Missouri Congressman Demands Navy Restrict Chaplains Religious Freedoms


By Paula Brooks

During the debate over the repeal of Don’t Ask. Don’t Tell, social conservatives in congress argued that the repeal of the military’s policy banned openly gay and lesbian troops would have an adverse impact on the religious freedom and careers of military chaplains….

It would now appear those predictions were correct and it will be the same social conservatives who have decided to adversely impact those religious freedoms.

A U.S. Navy plan that would allow Navy chaplains to follow their own religious beliefs and perform same-sex marriages in military chapels after the end of “don’t ask, don’t tell”  if they so choose, has run into congressional opposition.

We reported yesterday on an April 13 memo from the Chief of Navy Chaplains, Admiral Michael Tidd, that says  each Navy chaplain would be bound by his own religious beliefs and “may” officiate at same-sex marriages or civil unions, depending on both local laws and those religious beliefs.

Now a Missouri Congressman has sent the Navy a letter, cosigned by 63 conservative members of the House, demanding the Navy not respect the religious beliefs of those chaplains who have no objection to same-sex marriage.

Rep. Todd Akin, R-Missouri, Chairman of the Seapower and Projection Forces Subcommittee, says the Navy’s policy  that would allow Navy Chaplains to follow their own religious beliefs and  perform same-sex weddings in military chapels, once the current DADT policy formally is ended, would violate the federal Defense of Marriage Act.
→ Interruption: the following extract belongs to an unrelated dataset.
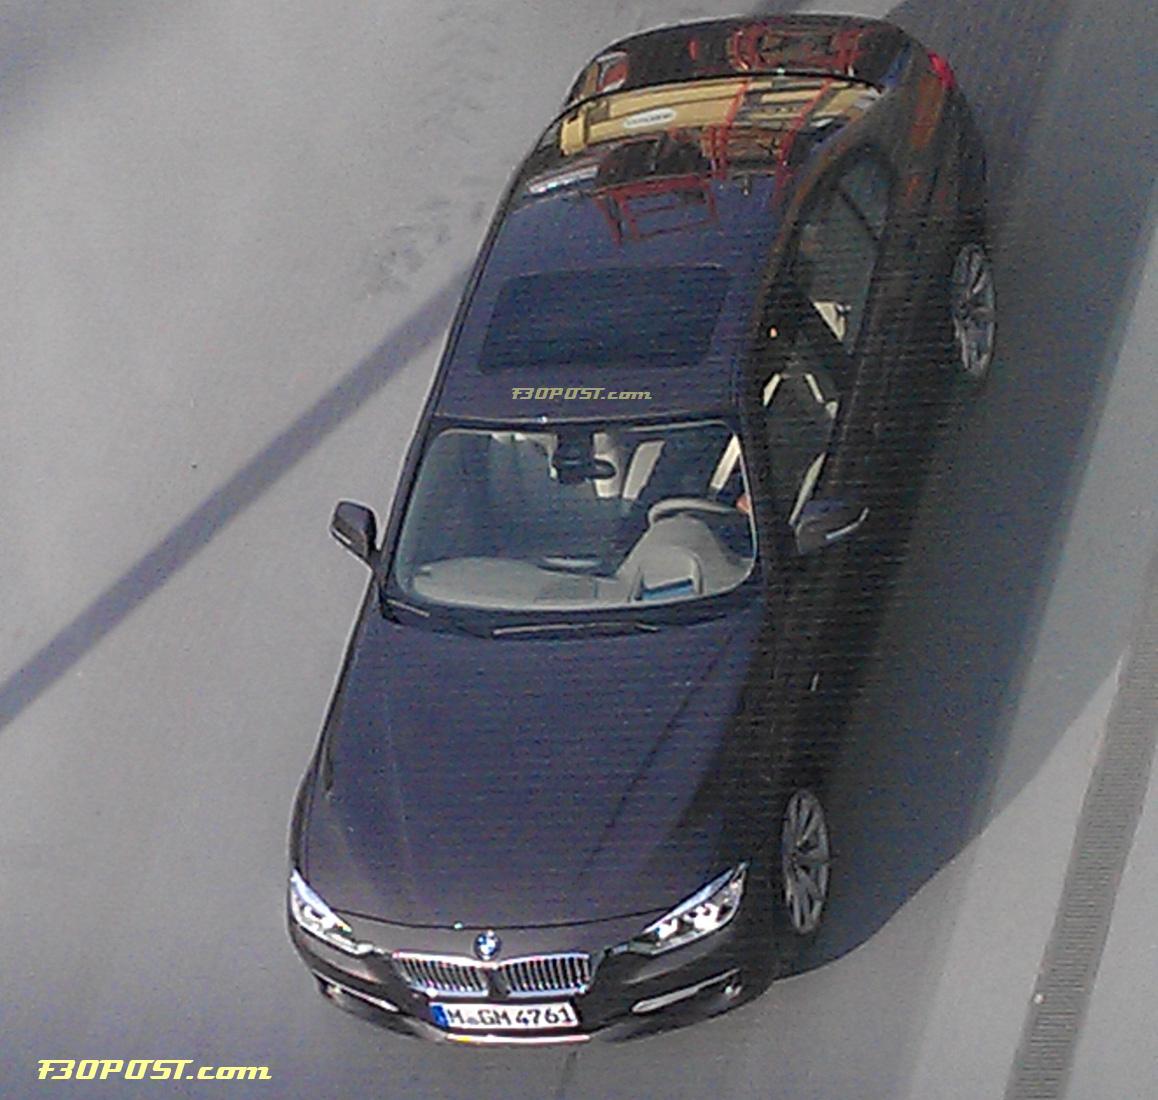 BMW Serie 3 2012 (F30): le immagini senza camuffature

Says Akin on his official website:

“The Defense of Marriage Act was passed by Congress and signed into law by President Clinton in 1996.  The law of the land is that the federal government defines marriage as between one man and one woman.  This new guidance from the Navy clearly violates the law.  While our President may not like this law, it is unbelievable that our Navy would issue guidance that clearly violates this law.  While a state may legalize same-sex marriage, federal property and federal employees, like Navy chaplains, should not be used to perform marriages that are not recognized by federal law.

“My colleagues and I are calling on the Secretary of the Navy to make sure that the Navy actually follows the law.  As we state in the letter, ‘It is not the place of any citizen of this country to pick and choose which laws they are going to obey. We expect citizens sworn to defend those laws to set the example in their application.’”

In answer to Akin, the Pentagon said in a statement late yesterday, the Defense of Marriage Act, does not allow the Defense Department  to recognize same-sex unions as valid marriages even if they’re performed in a state that recognizes same-sex marriages and as a result no military benefits would be granted to those couples. But the DoD’s statement made it clear,  DOMA, “does not limit the type of religious ceremonies a chaplain may perform in a chapel on a military installation,” and  the DoD would NOT be telling the Navy’s chaplain which religious beliefs they should hold.